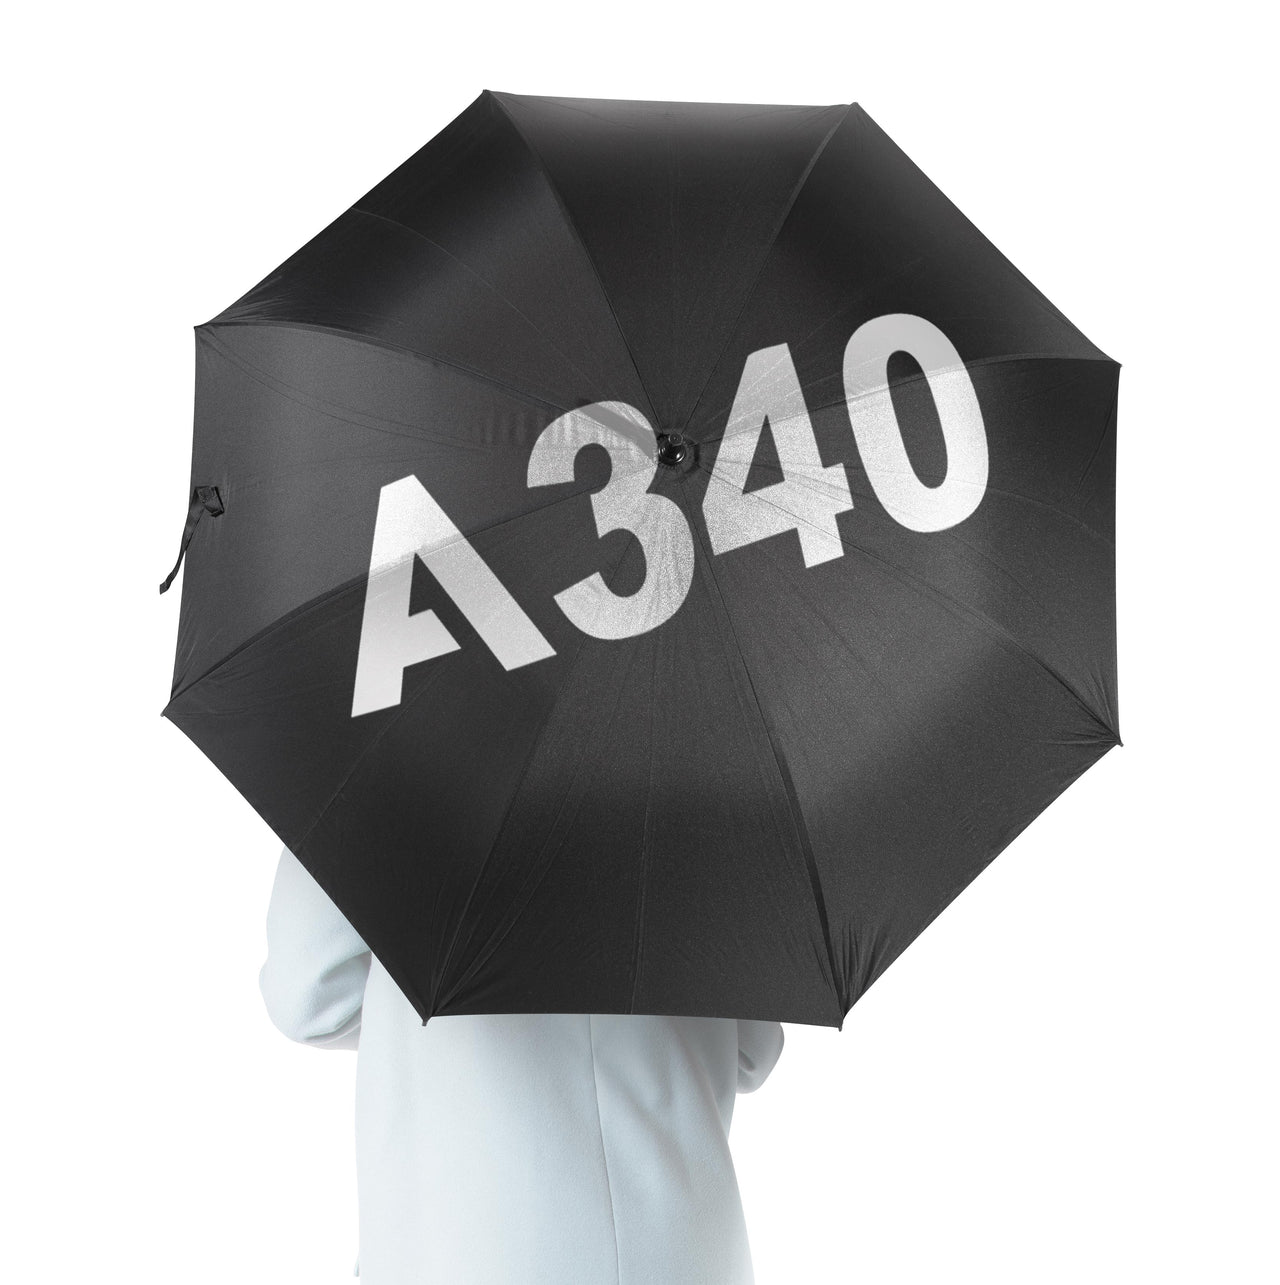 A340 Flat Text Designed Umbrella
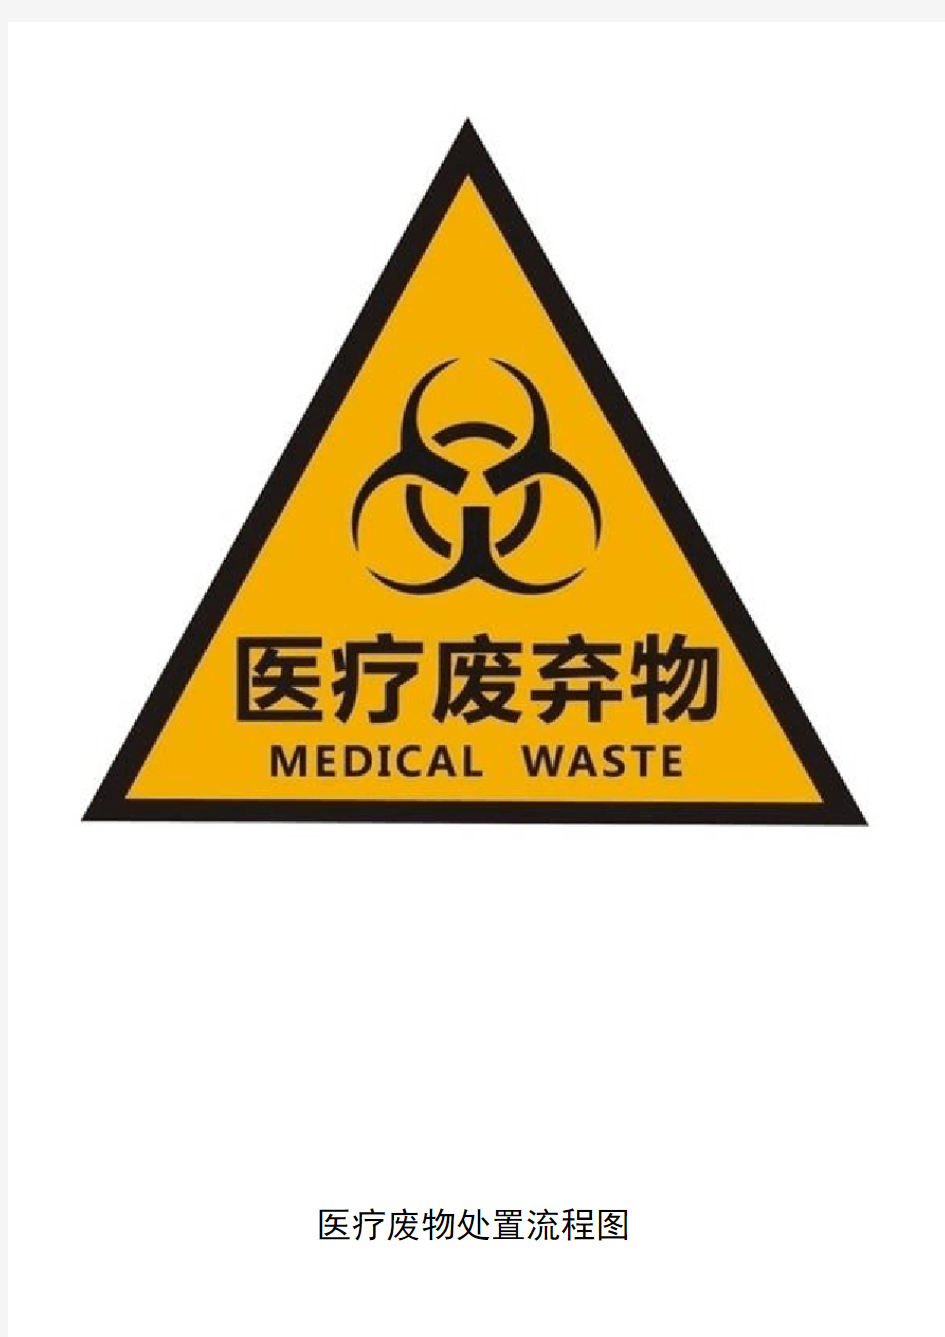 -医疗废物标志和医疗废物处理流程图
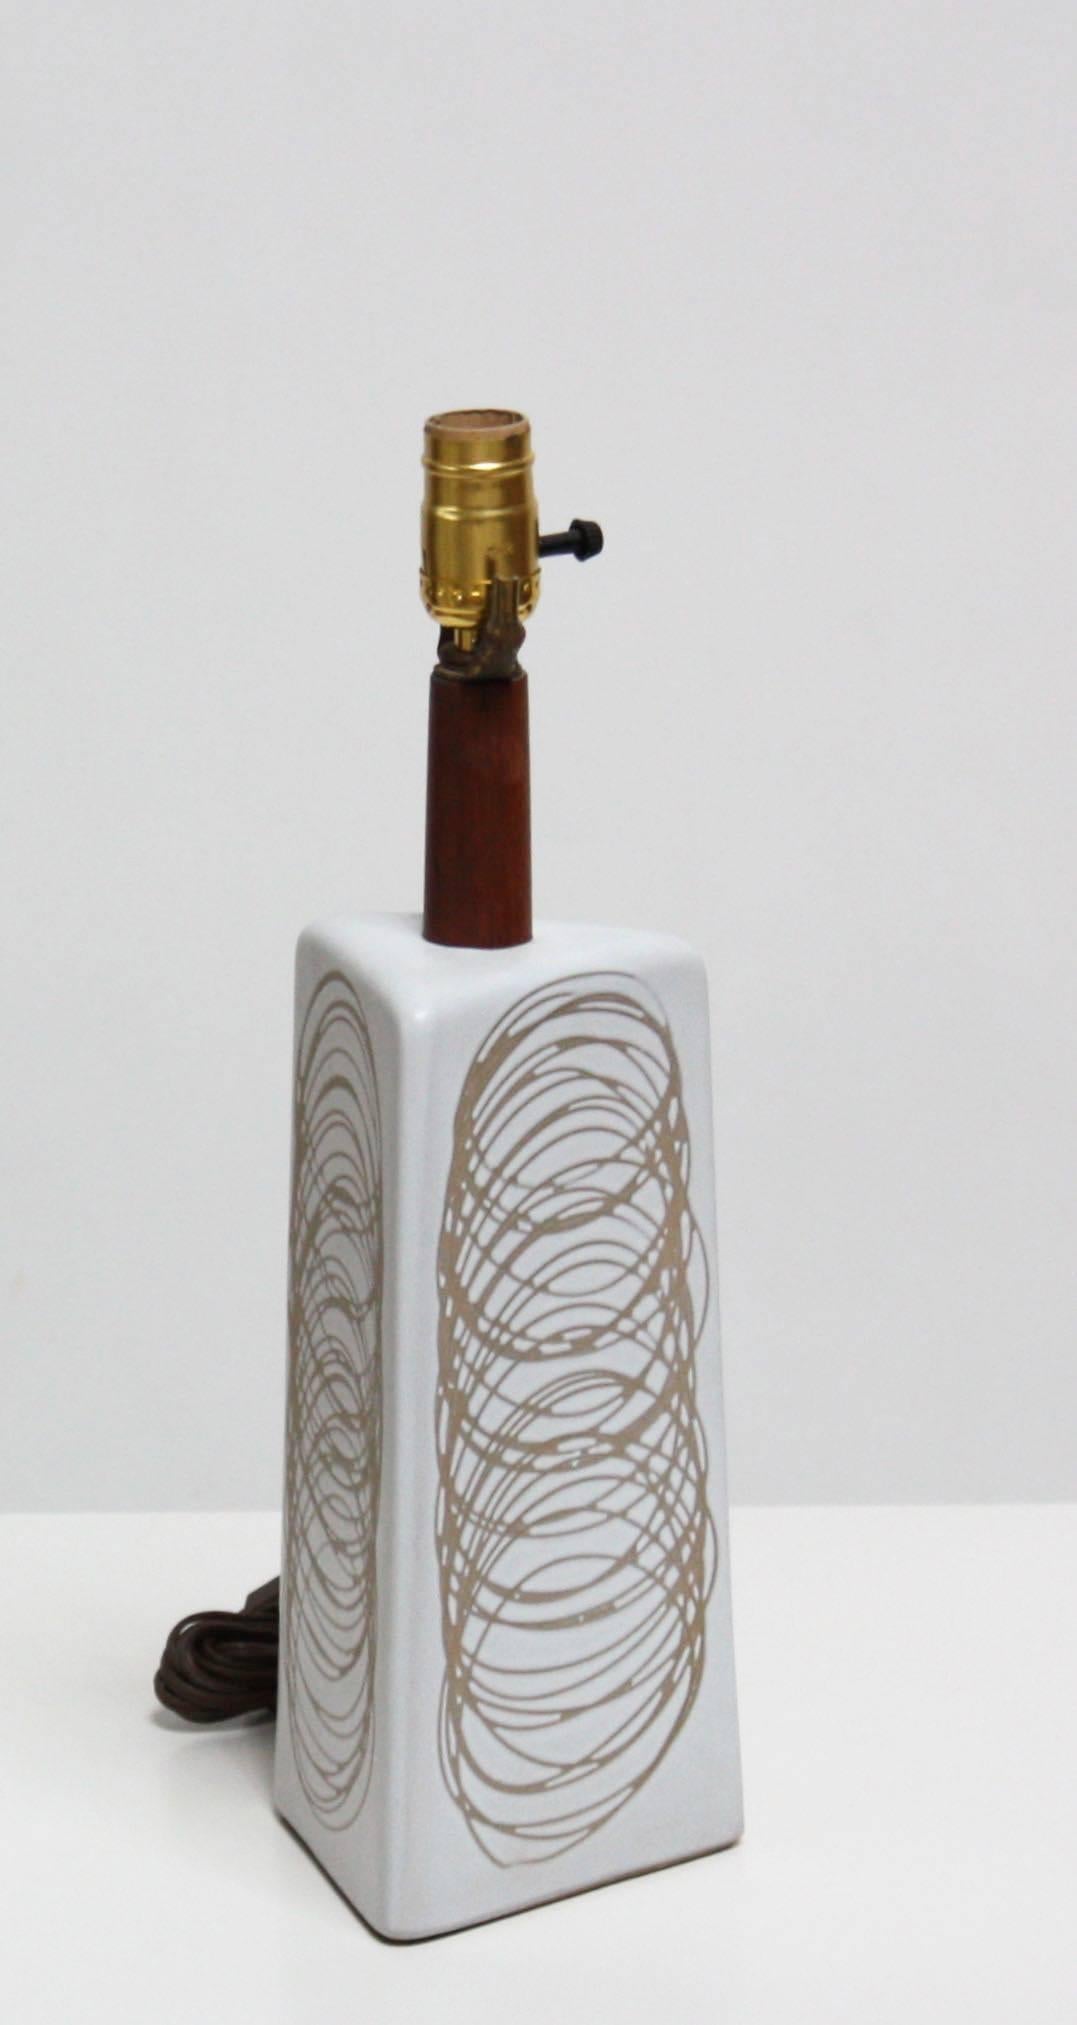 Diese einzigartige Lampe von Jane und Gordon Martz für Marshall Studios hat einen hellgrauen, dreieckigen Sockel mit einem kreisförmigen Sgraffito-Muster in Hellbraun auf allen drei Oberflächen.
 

• _EXERCISE DESCRIPTION_: Give back the material above exactly as it appears, minus any picture.

• _RESULT FOR THIS EXERCISE_:
 A340 Flat Text Designed Umbrella
 -医疗废物标志和医疗废物处理流程图
 Diese einzigartige Lampe von Jane und Gordon Martz für Marshall Studios hat einen hellgrauen, dreieckigen Sockel mit einem kreisförmigen Sgraffito-Muster in Hellbraun auf allen drei Oberflächen.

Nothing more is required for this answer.